• WORK TO BE COMPLETED: Among the entries below, find the line with "Fly Racing F-16 Jersey Sale" and the line with "(masterpiece),1boy,vivid,a handsome maestro". Return exactly those lines and every line between them, but no pictures.

• RECORDS SUPPLIED:
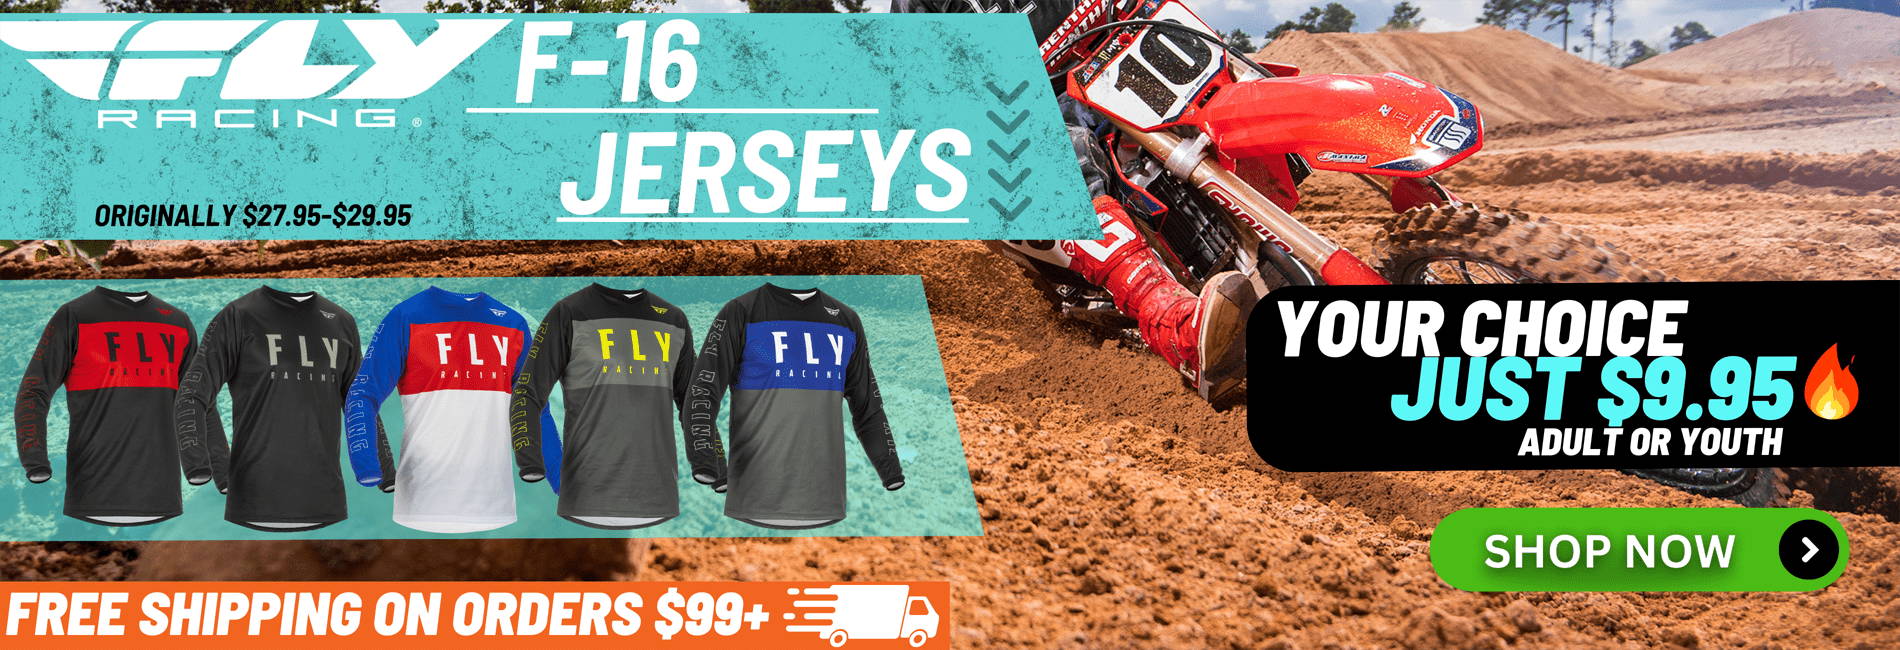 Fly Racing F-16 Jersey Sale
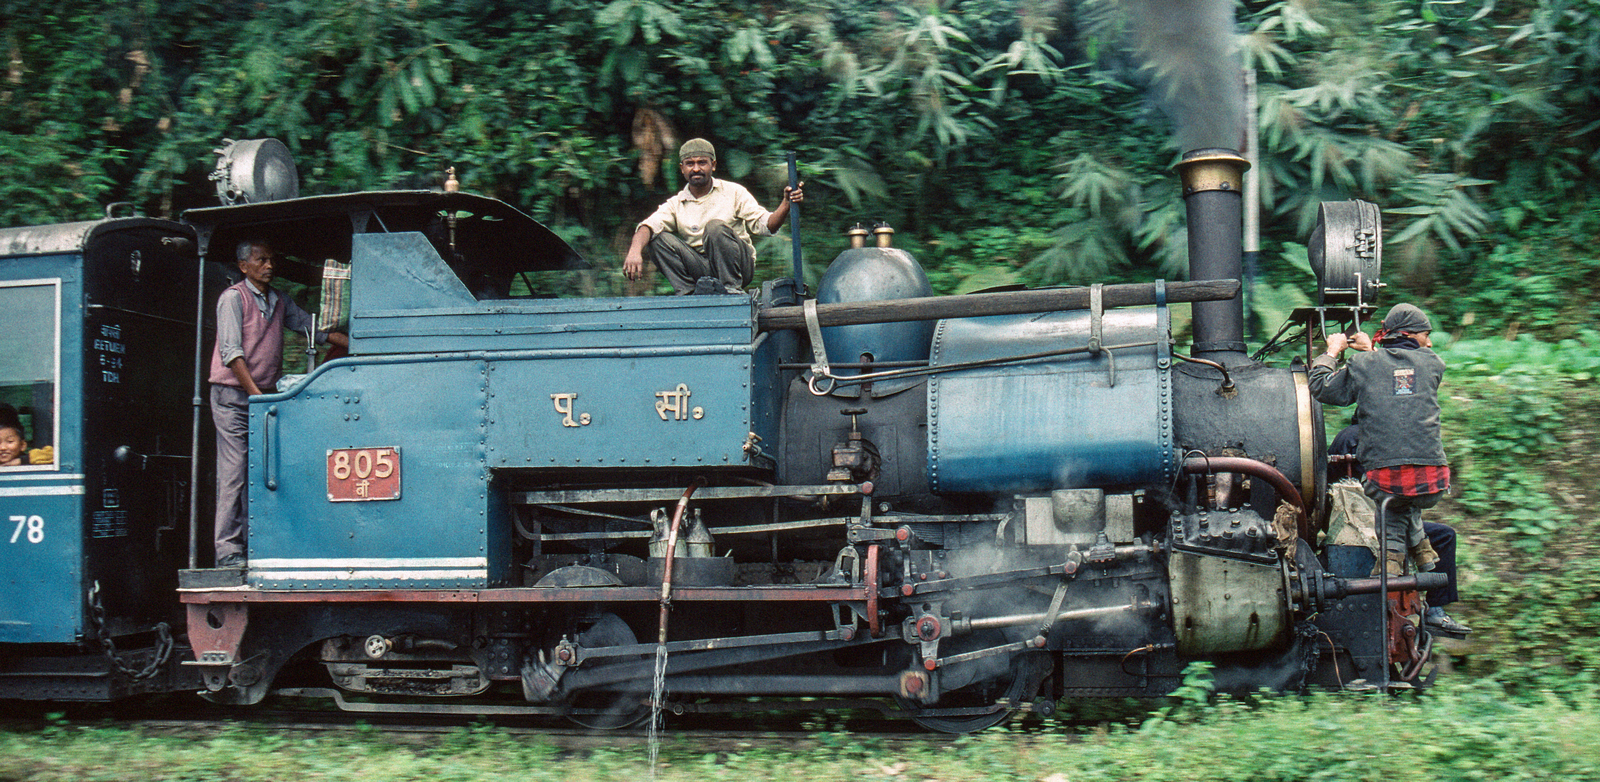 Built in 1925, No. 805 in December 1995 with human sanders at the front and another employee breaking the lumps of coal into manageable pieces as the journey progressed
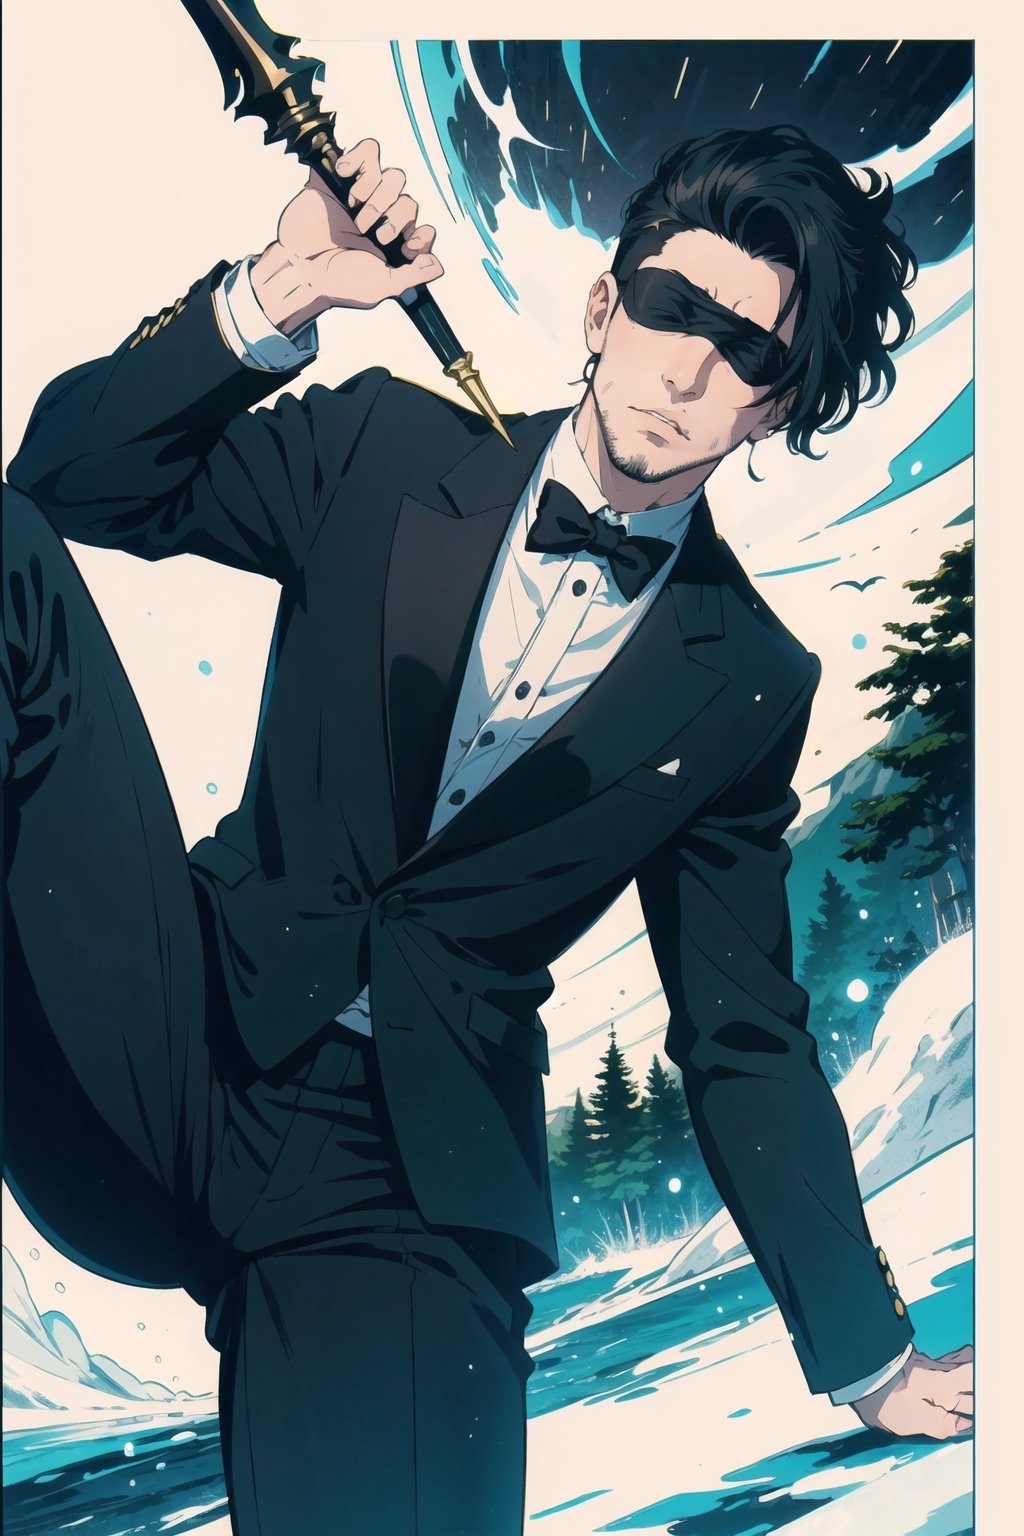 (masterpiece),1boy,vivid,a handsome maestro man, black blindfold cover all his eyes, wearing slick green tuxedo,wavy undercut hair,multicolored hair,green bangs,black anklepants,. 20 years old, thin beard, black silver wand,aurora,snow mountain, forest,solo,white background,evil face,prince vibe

==

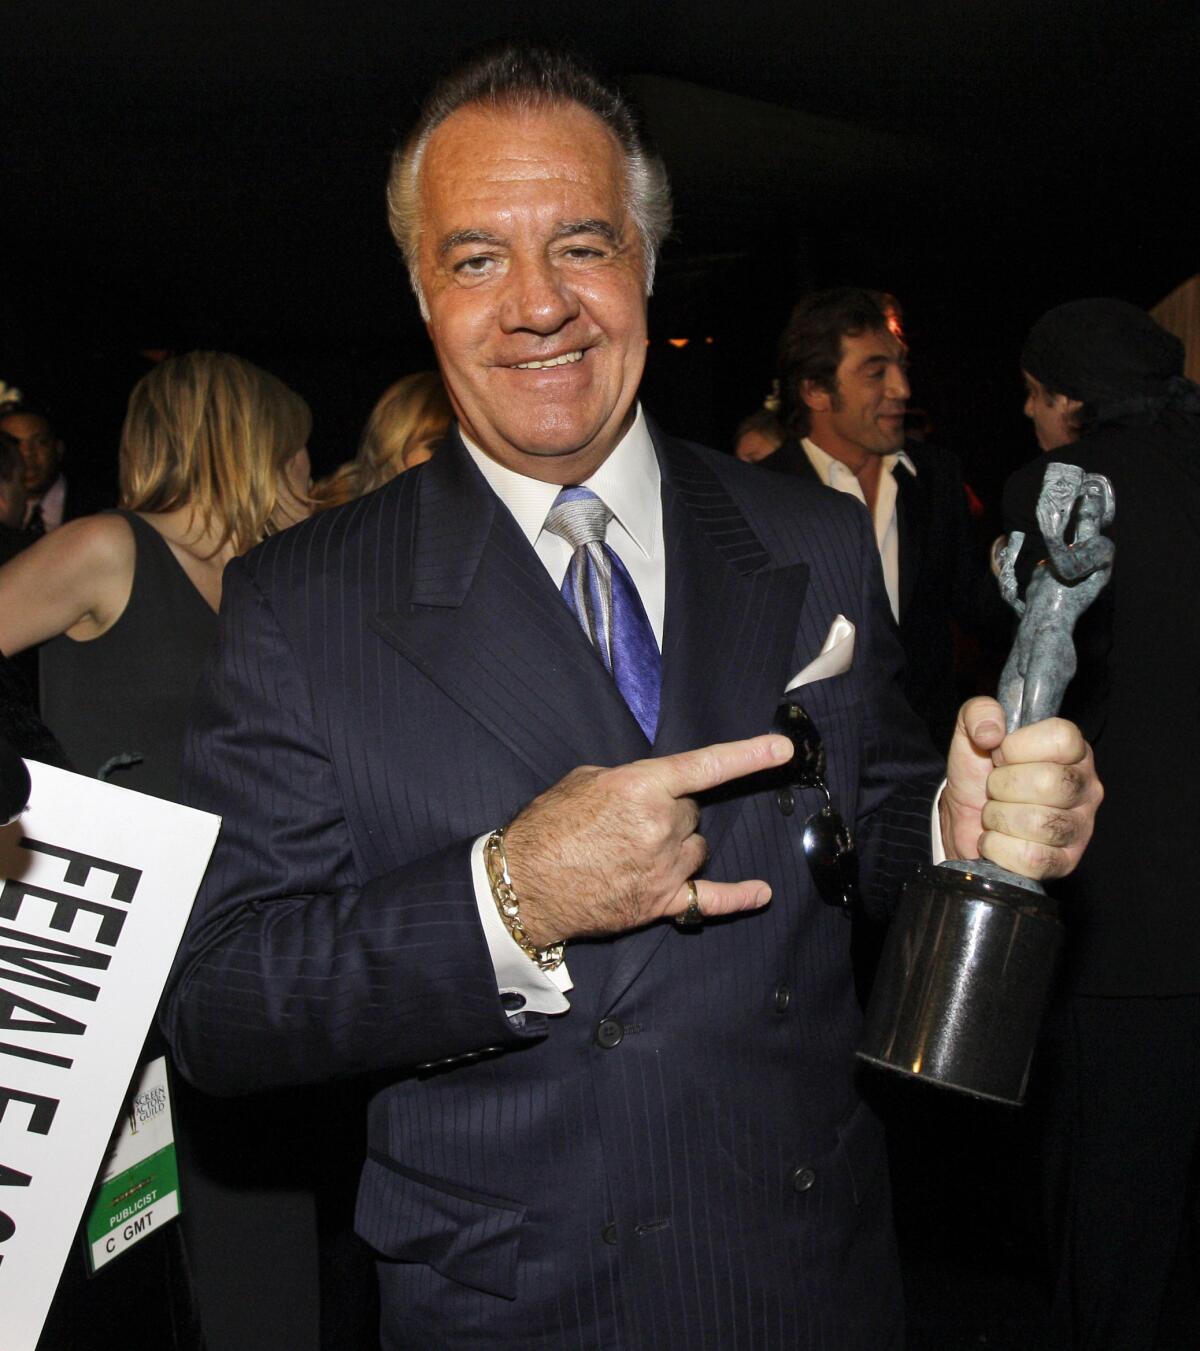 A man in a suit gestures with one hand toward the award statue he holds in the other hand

• RESPONSE TO THIS EXERCISE:
 Fly Racing F-16 Jersey Sale
 Built in 1925, No. 805 in December 1995 with human sanders at the front and another employee breaking the lumps of coal into manageable pieces as the journey progressed
 (masterpiece),1boy,vivid,a handsome maestro man, black blindfold cover all his eyes, wearing slick green tuxedo,wavy undercut hair,multicolored hair,green bangs,black anklepants,. 20 years old, thin beard, black silver wand,aurora,snow mountain, forest,solo,white background,evil face,prince vibe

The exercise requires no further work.